Le Monde des livres, 12 novembre 2022, par Bertrand Leclair

Condamnée à vivre sous l’éteignoir

Dans Une mère éphémère, l’écrivaine et poète Emma Marsantes fait l’autopsie d’une enfance trois fois ravagée.

Chant d’amour et de mort intrinsèquement mêlés, Une mère éphémère s’avance avec une magnifique lenteur, s’aventurant hors du temps horizontal de nos existences sociales pour dénouer sur la page les « liens sacrés du suicide ». L’autrice, enseignante et poétesse qui a choisi pour ce premier récit d’adopter un pseudonyme, Emma Marsantes, tient à distance le rapport à la réalité commune ; l’enjeu ne s’engage pas à la surface sociale de l’existence, il est plus profond : à plusieurs décennies de distance, il s’agit de faire enfin quelque chose, en l’occurrence un très beau livre, de la mémoire forcément confuse d’une enfance trois fois ravagée dans le décor idyllique des beaux quartiers parisiens.

Trois fois, puisque la narratrice garde les traces occultées d’un très ancien viol par un voisin obséquieux, longtemps avant l’inceste répété que lui aura imposé un frère aîné tournant violent, à l’image du père, puis le suicide d’une mère gravement mélancolique, dont le passage à l’acte s’est accompagné d’une mise en scène oraculaire, dans la chambre de sa fille encore adolescente : une mère qui n’était jamais parvenue à le devenir, mère.

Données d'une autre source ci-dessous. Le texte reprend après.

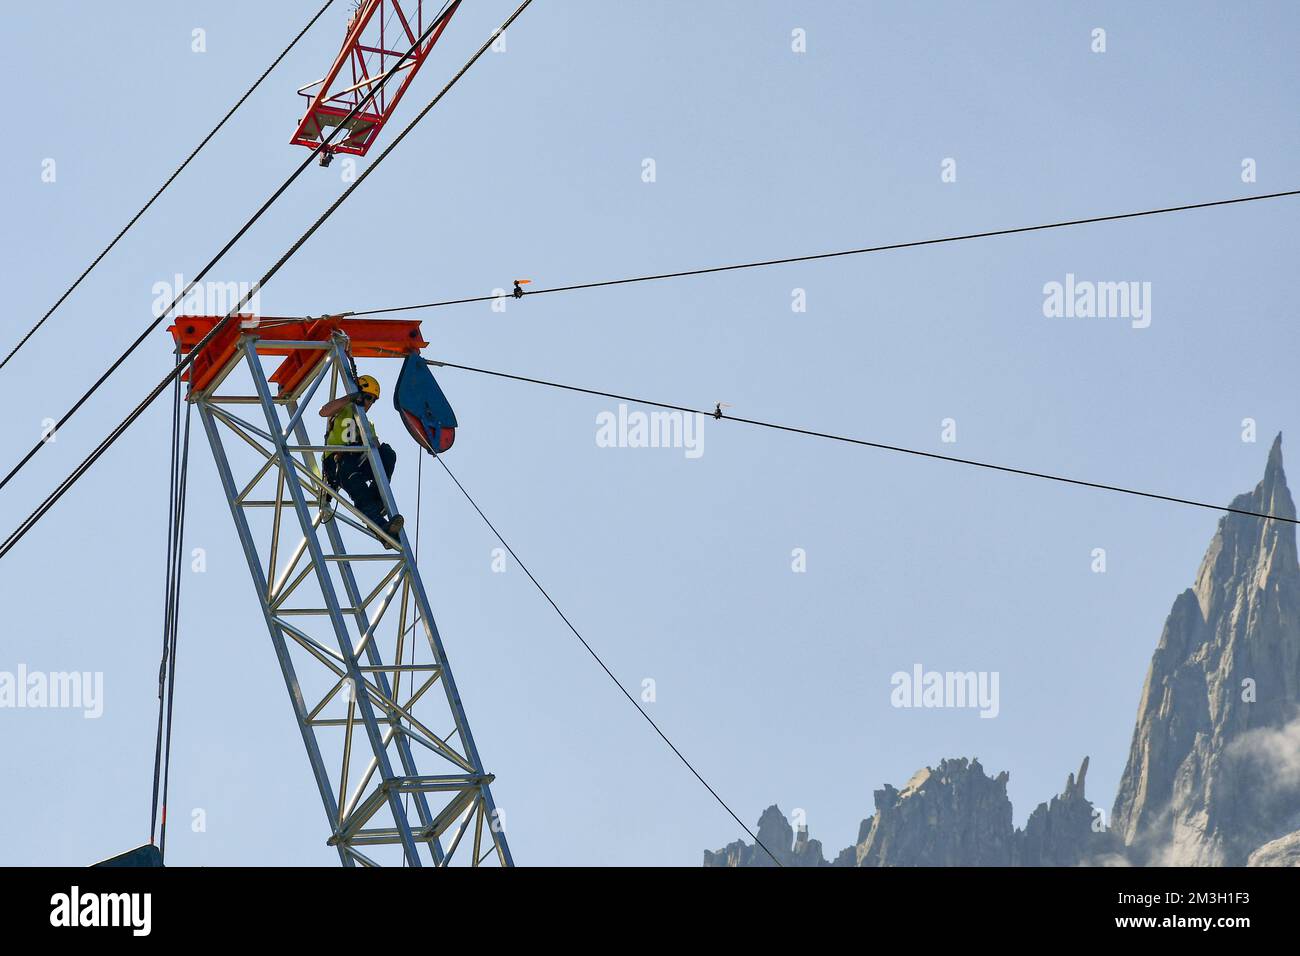 A worker on the top of a crane at the Montenvers station for the construction of the new Mer de Glace (Sea of Ice glacier) gondola lift, Chamonix Stock Photo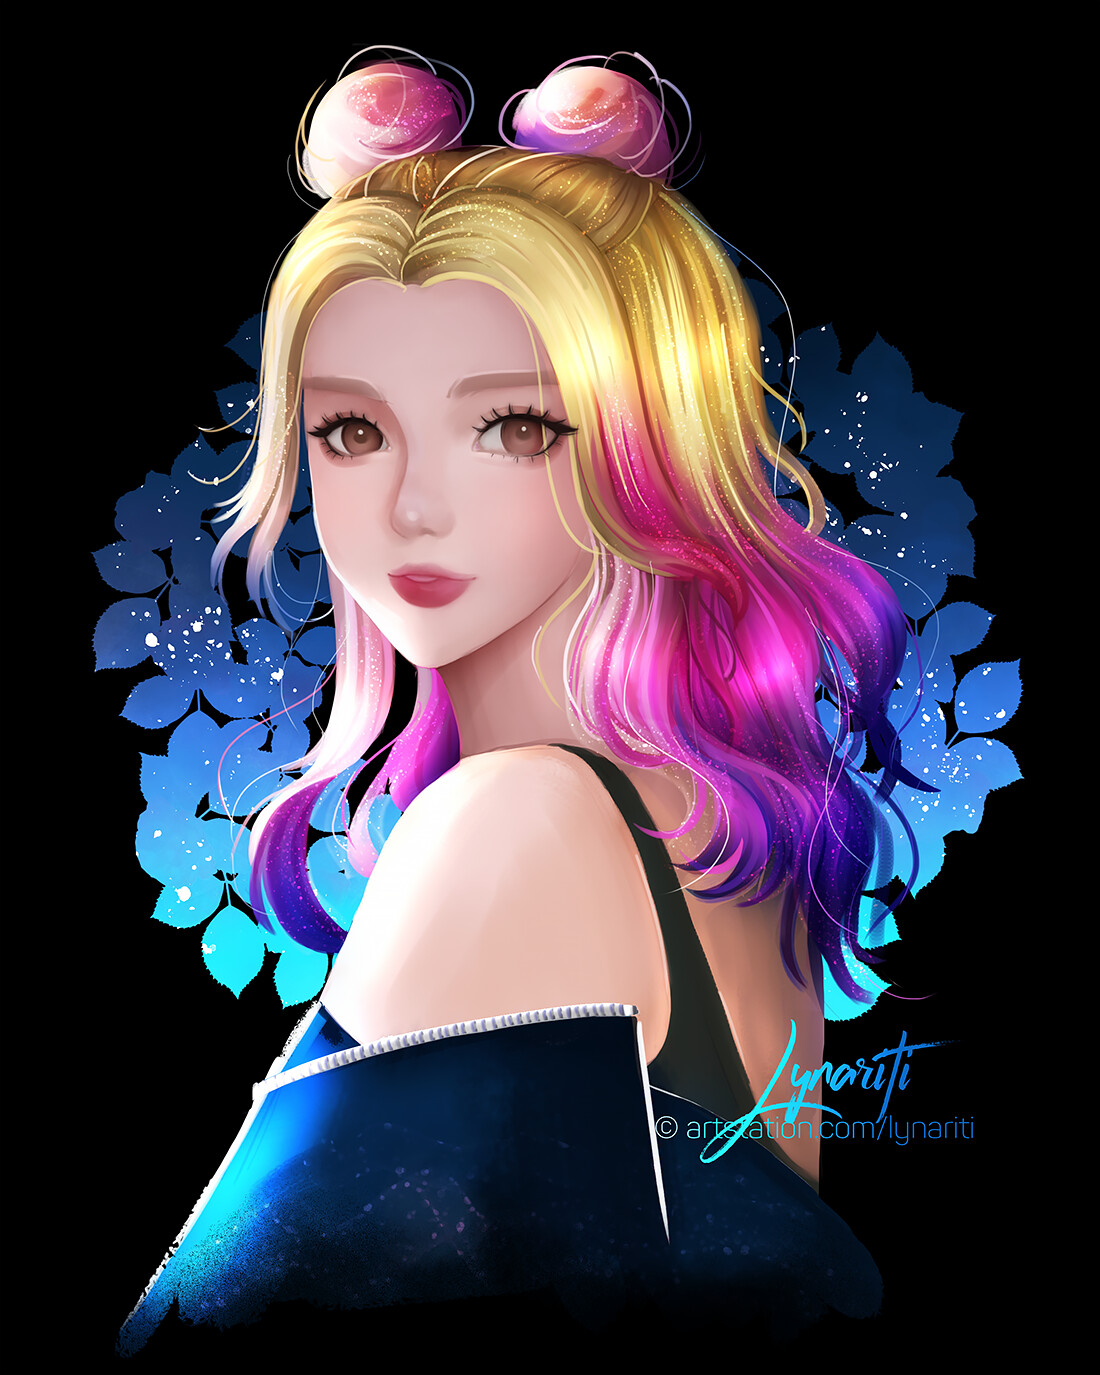 Draw anime or chibi icon for your profile picture by Geramine | Fiverr

Jouant avec le titre du livre, on pourrait dire que, dans sa propre histoire, rien ou personne n’a su la « faire mère », condamnée à vivre sous l’éteignoir d’un mari haut placé résolument devenu père de famille, quant à lui, puisqu’il avait adopté les pires modèles qui soient, s’employant à terroriser les siens, essayant de leur inculquer le goût de la chasse et du sang autant que le courage inutile d’affronter les tempêtes en voilier, mêlant à une haute culture bourgeoise des irruptions d’une vulgarité assourdissante d’être ouvertement sexuée.

Le landau du délire

Paragraphe après paragraphe, dans une langue dont on peut dire, mais au meilleur sens du terme, qu’elle est lourde comme le sont les terres les plus généreuses, Emma Marsantes avance en tenant ferme le socle de sa charrue. En bien des pages, elle semble d’ailleurs écrire les yeux fermés pour mieux ressentir par tout le corps le sillon qu’elle creuse, laissant remonter le réel enfoui sous les mots ordinaires. Devenue mère à son tour (le récit est dédié à ses enfants), c’est au sens propre qu’elle imagine davantage qu’elle raconte, fabriquant des images pour sortir du noir ce qui la hante : « Je ne sais plus ce qui s’est passé mais je sais que cela s’est passé. Dans le seul fait que je ne puisse pas me souvenir tient la véracité de mon récit. Cela a existé parce que je ne m’en souviens plus. »

Ce rapport impossible à une vérité qui ne le fut pas moins prend le contre-pied du témoignage dont le principe même est d’affirmer une vérité qui préexisterait au récit afin de l’imposer. L’autrice y trouve une liberté inédite, parfois fulgurante, ainsi dans les pages, superbes, où elle parvient à montrer la folie maternelle plutôt que de s’échiner à la dire. Aux lisières du fantastique, elle décrit alors l’adolescente déboussolée qu’elle fut et qui aimait se promener par les rues en compagnie de sa mère, complice et indifférente au vrai landau à la capote baissée où la jeune fille abritait un baigneur. Ce landau du délire signifie magistralement la contagion de la réalité non pas par le rêve mais par le cauchemar éveillé, renvoyant le lecteur au vertige d’une vérité certes délirante mais certainement structurelle : au fil des pages, l’inceste imposé par le frère se révèle un inceste au carré, un inceste par procuration, dans une famille qui n’était anormale qu’à l’abri d’une forteresse du silence et de ses meurtrières.